● **Task statement**
Without the pictures, set down every line of the data exactly.

● **Supplied material**

- - - - - - -

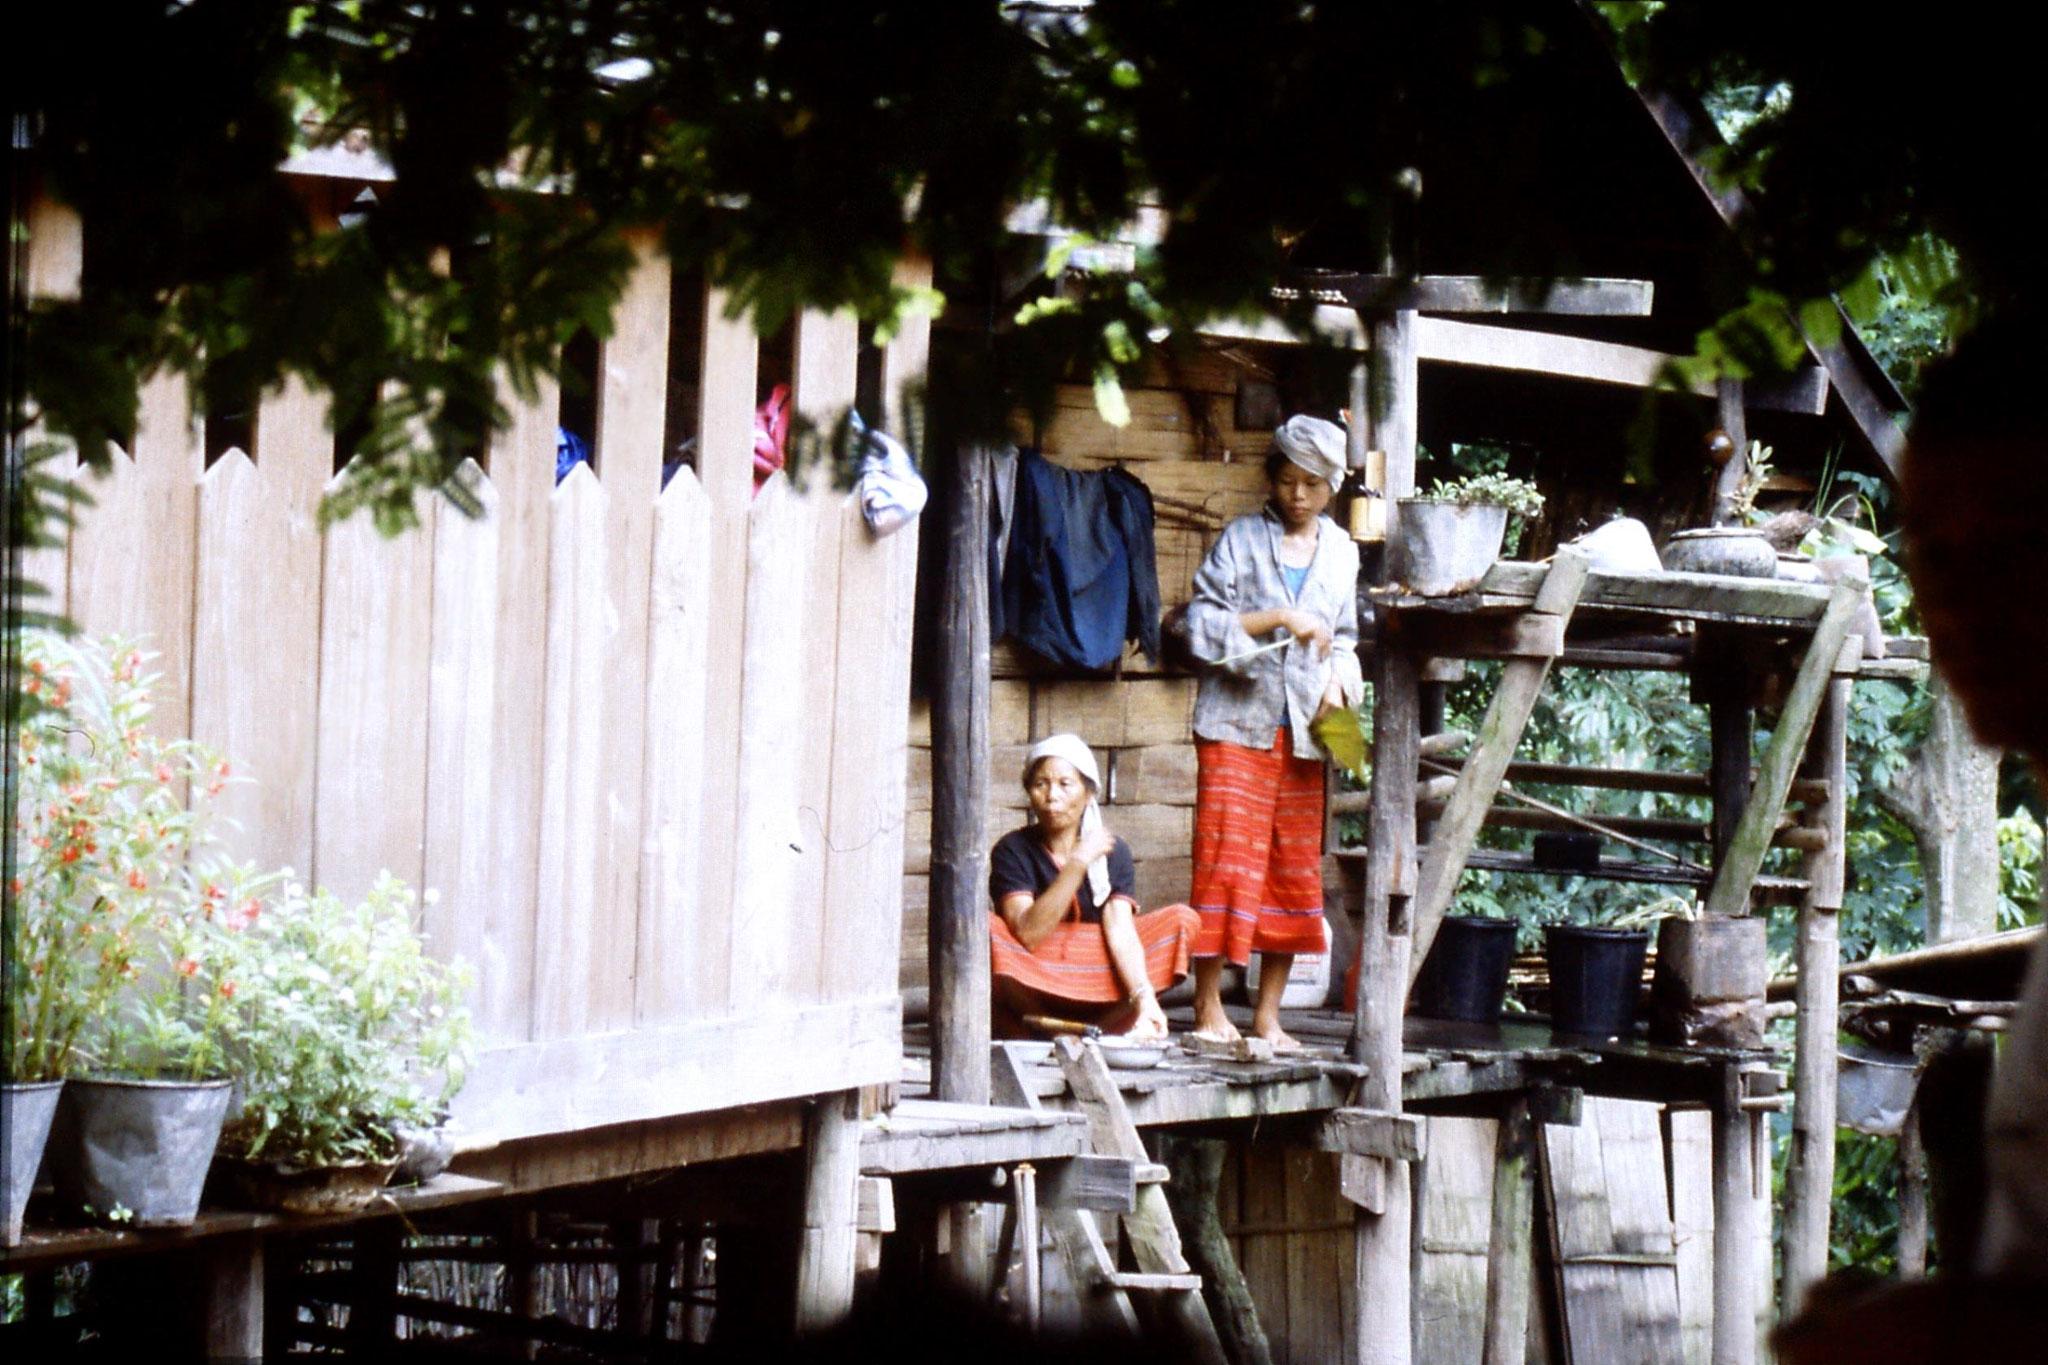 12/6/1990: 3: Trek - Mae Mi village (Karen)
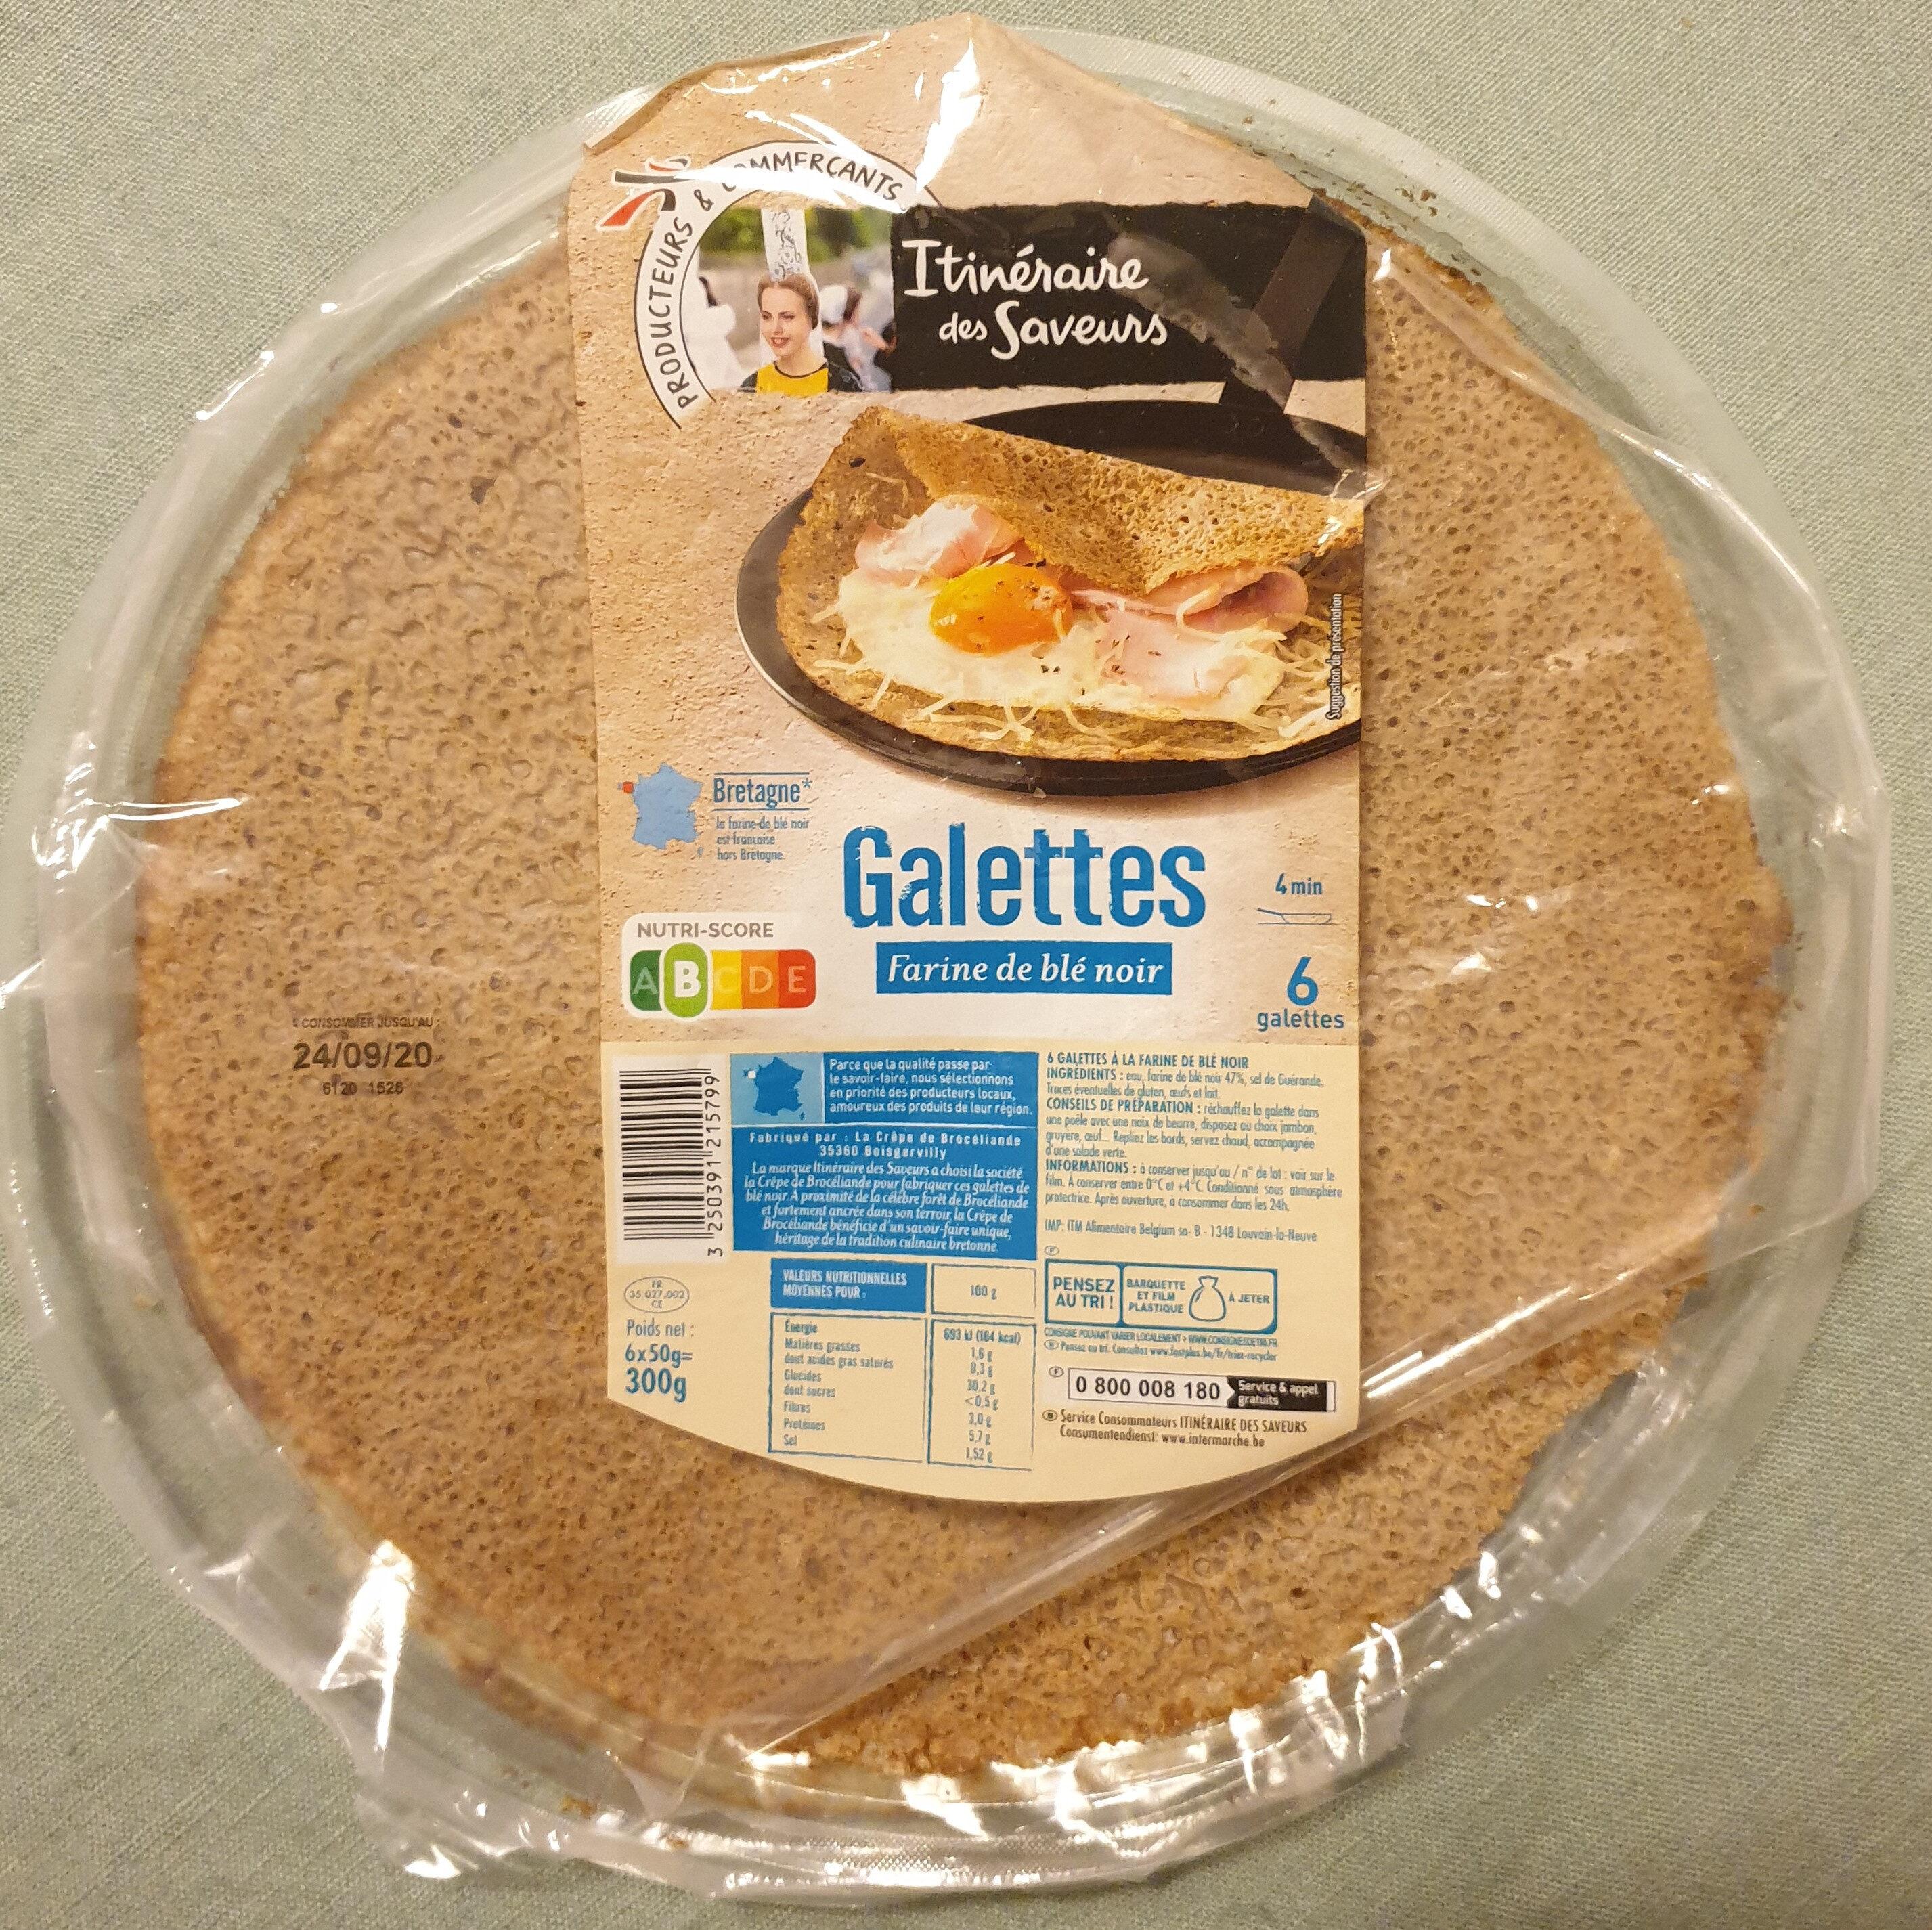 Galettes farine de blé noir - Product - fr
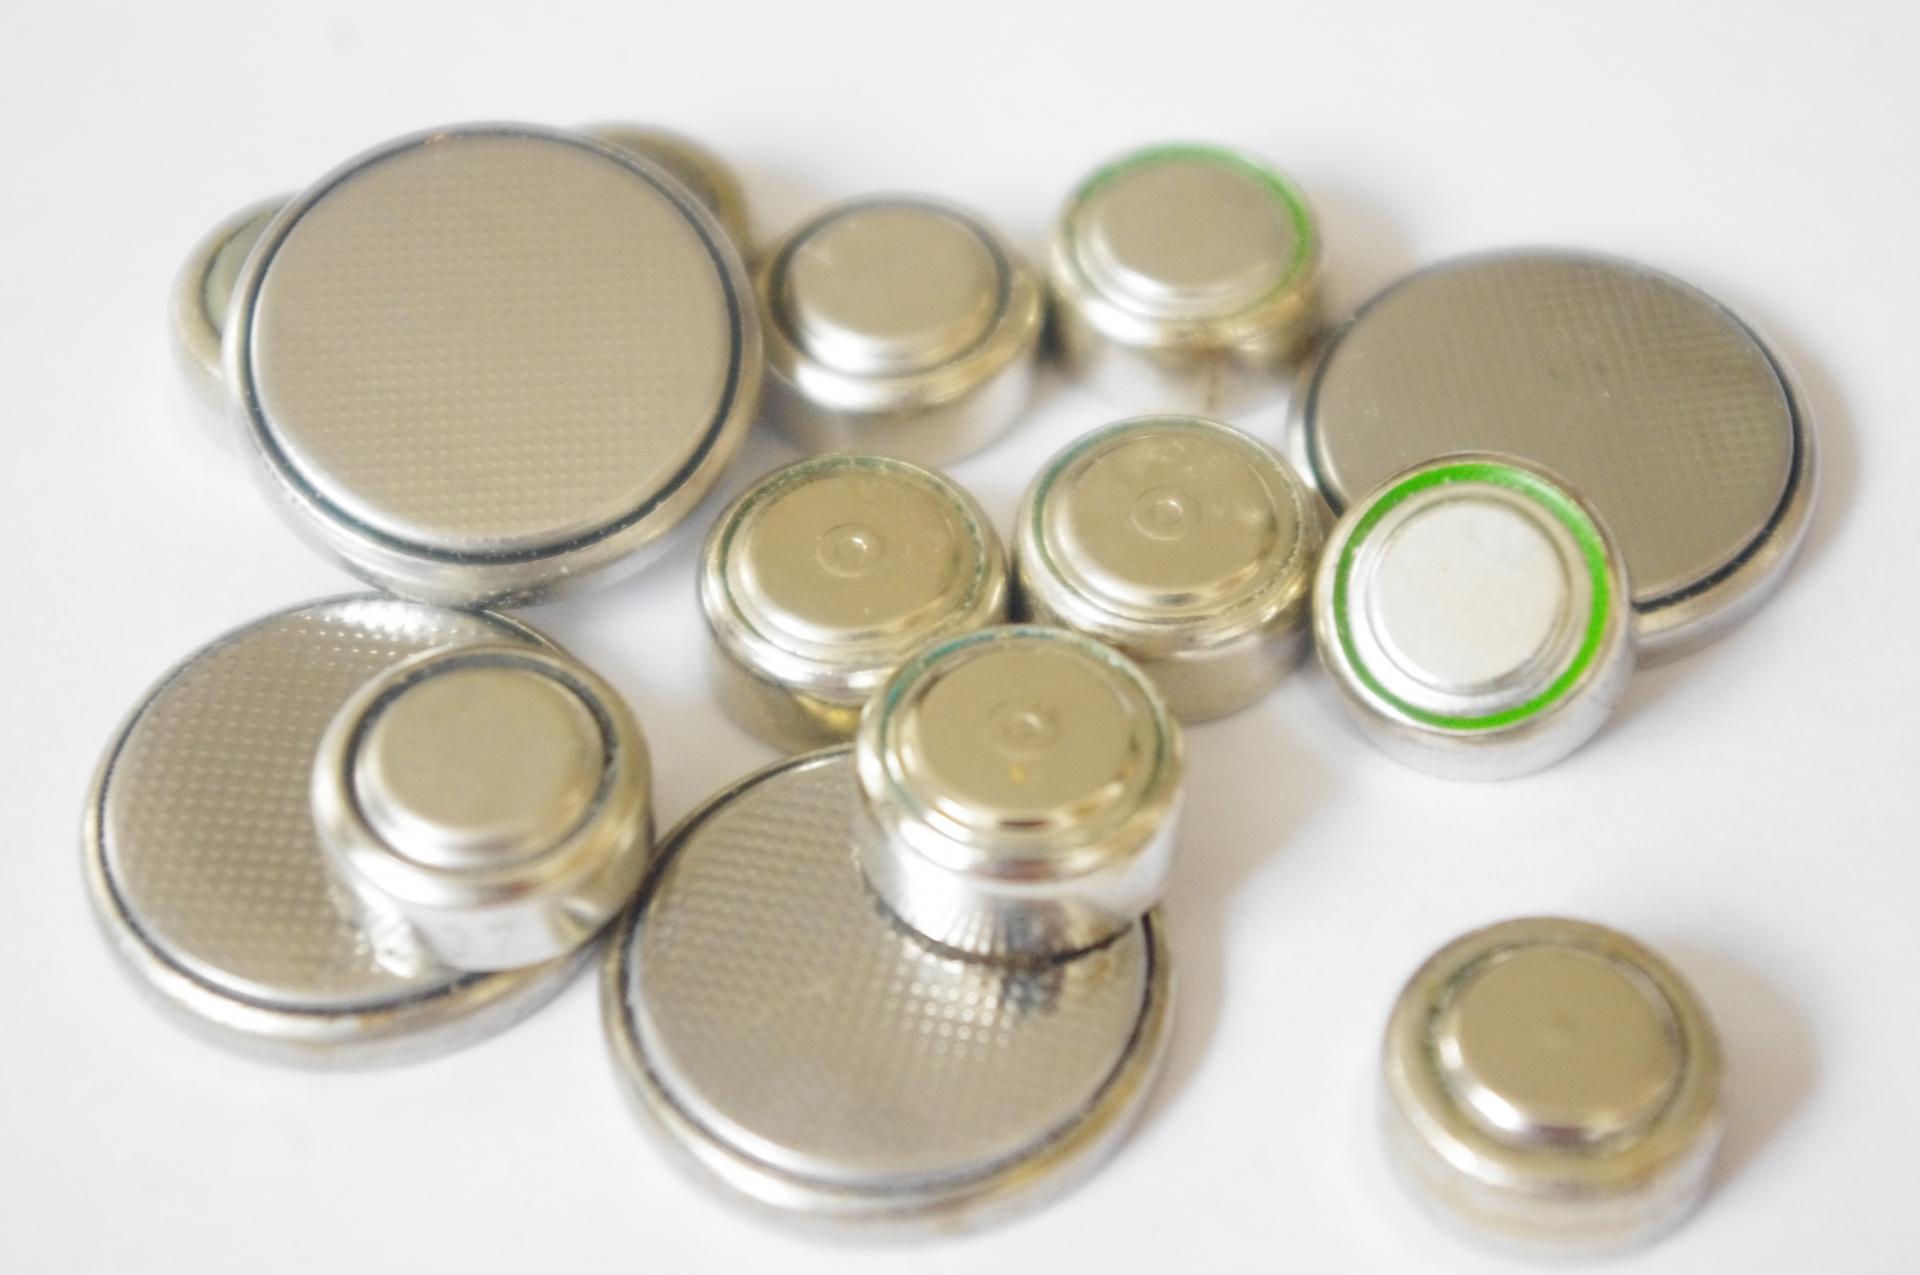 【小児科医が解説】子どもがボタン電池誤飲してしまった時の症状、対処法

- - - - - - -

● **Solution to this task**
 12/6/1990: 3: Trek - Mae Mi village (Karen)
 Galettes farine de blé noir - Product - fr
 【小児科医が解説】子どもがボタン電池誤飲してしまった時の症状、対処法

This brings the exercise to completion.